While away, I received several messages from home asking me what I thought of the proposals to introduce a new law to criminalise insulting our federal monarch and state rulers. Viewed in isolation, there is nothing extraordinary about this. Many countries have laws that endow special protection to national institutions or symbols: Thailand’s lese majeste law is perhaps the most well-known, but even some of the world’s most liberal democracies have legislated to protect their head of state, flag or anthem.

Of course, there are differences in the extent of protection and severity of punishment, and the history and logic behind such laws can vary, too: in some countries the laws arose after civil wars so it was important to prevent incitement and maintain order while allowing other expressions of dissent, but in other countries the laws are blatant tools to stifle opposition.

It is thus important to consider the context in which the recent proposals in Malaysia have appeared. It all started with a speech delivered by the Yang di-Pertuan Agong in conjunction with His Majesty’s official birthday. A number of people unhappy with the speech’s contents expressed their feelings on social media, and additionally criticised the Yang di-Pertuan Agong.

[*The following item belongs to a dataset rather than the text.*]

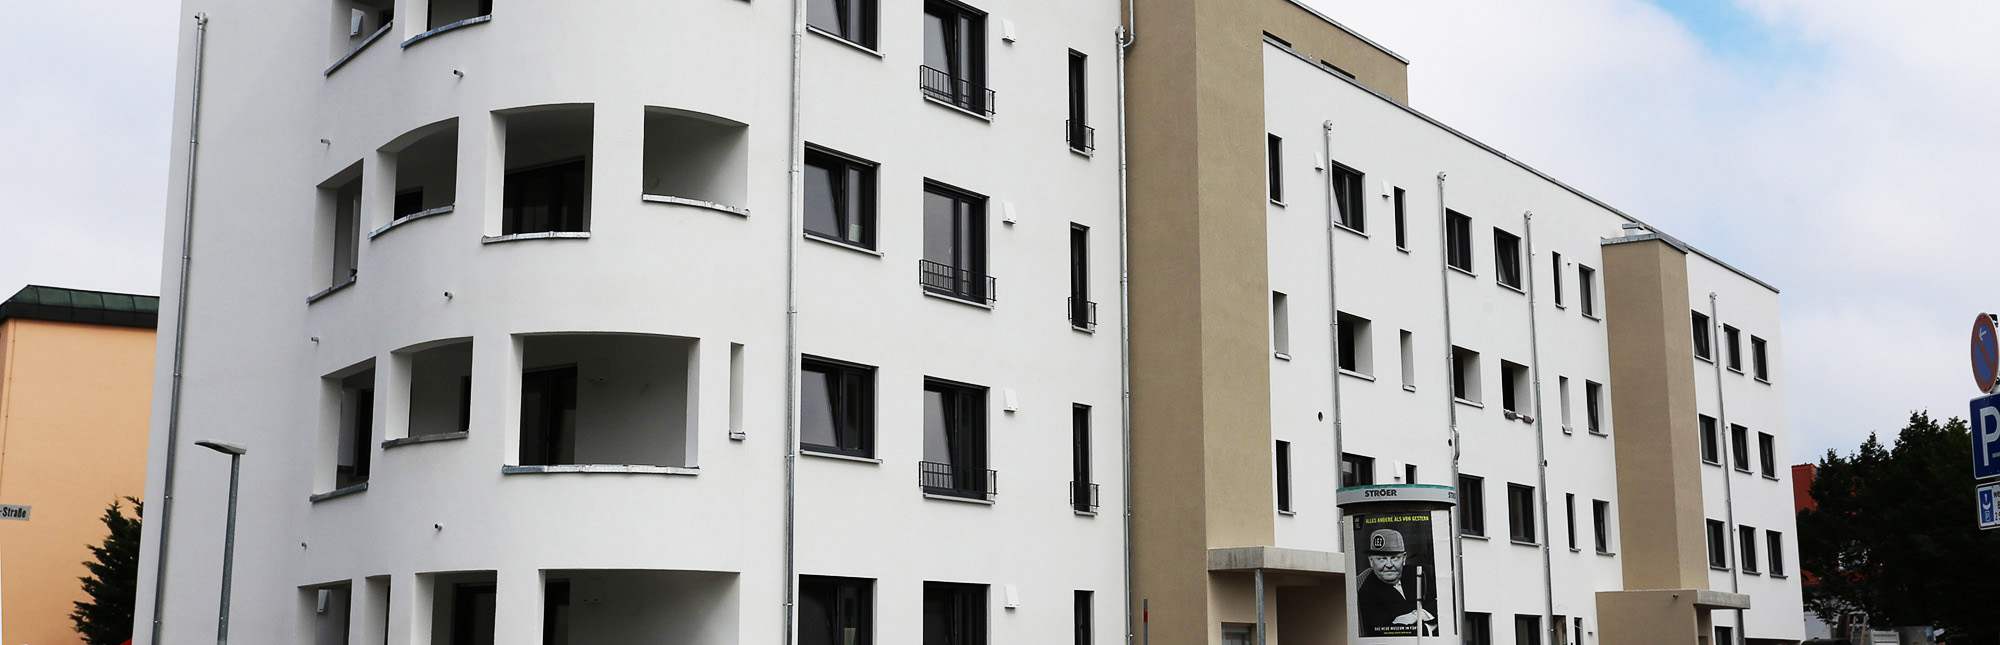 Bamberg – Friedrich-Ebert-Strasse 11

Although the police have taken action against some of these individuals based on existing laws, this is not enough for some. These are the ones calling for a new law to deal with cases of insulting the royal institution.

From this account, it is clear that the real cause of this episode is ignorance. Both the people who criticised, and then the other people who subsequently defended, the Yang di-Pertuan Agong based on the contents of the speech were ignorant about the process by which the government writes speeches for state occasions. Both sides seem to think that the Yang di-Pertuan Agong would personally have written a speech of this nature. Indeed, there are occasions where our monarchs do write their own speeches or even speak off-the-cuff, but these are usually at charitable, cultural or sporting events, not state ceremonies. Here, it is the responsibility of the government of the day to supply a speech that will not be seen as politically partisan or potentially embarrassing.

During Tuanku Abdul Halim’s first federal reign in the 70s, that principle may have been well understood by both the government and the people, but today that understanding is woefully deficient and is in urgent need of addressing. This is why it is vital that the development and functions of our institutions is well taught in schools.

Unfortunately, some of the ignorance exhibited in this episode may well be wilful. It is a favourite tactic of authoritarians to hide behind nationally respected institutions to give themselves legitimacy. The military is often invoked in this way, and during the unpopular war in Iraq, many politicians in Western democracies deliberately conflated criticism of the war with criticism of the armed forces in order to make their opponents look monstrous – “how dare you criticise our brave troops?”, etc. Constitutional monarchs are vulnerable to being used in this way, too.

I have also been informed that some of the recent self-proclaimed arch-monarchists have not shown much consistency throughout their careers, happy to curtail the monarchy during our country’s regrettable constitutional crises. I was also intrigued by another recent proposal to remove the power of rulers to appoint a non-Malay Menteri Besar in the states where this provision currently exists – but it struck me that this proposed reduction in the powers of the rulers was not condemned as treason by the same people.

As much as I wish to see voluntary expressions of loyalty and respect for the Yang di-Pertuan Agong and rulers, this is better achieved in our schools and through more interaction and exposure to royal initiatives (especially the many foundations which I have seen transform the lives of many families), than through the force of law.

As I repeatedly point out to friends who occupy positions from liberal democrat to Malay conservative, some of the world’s best democracies are constitutional monarchies. We should strive to join the ranks of these countries.

Tunku Abidin Muhriz is president of Ideas.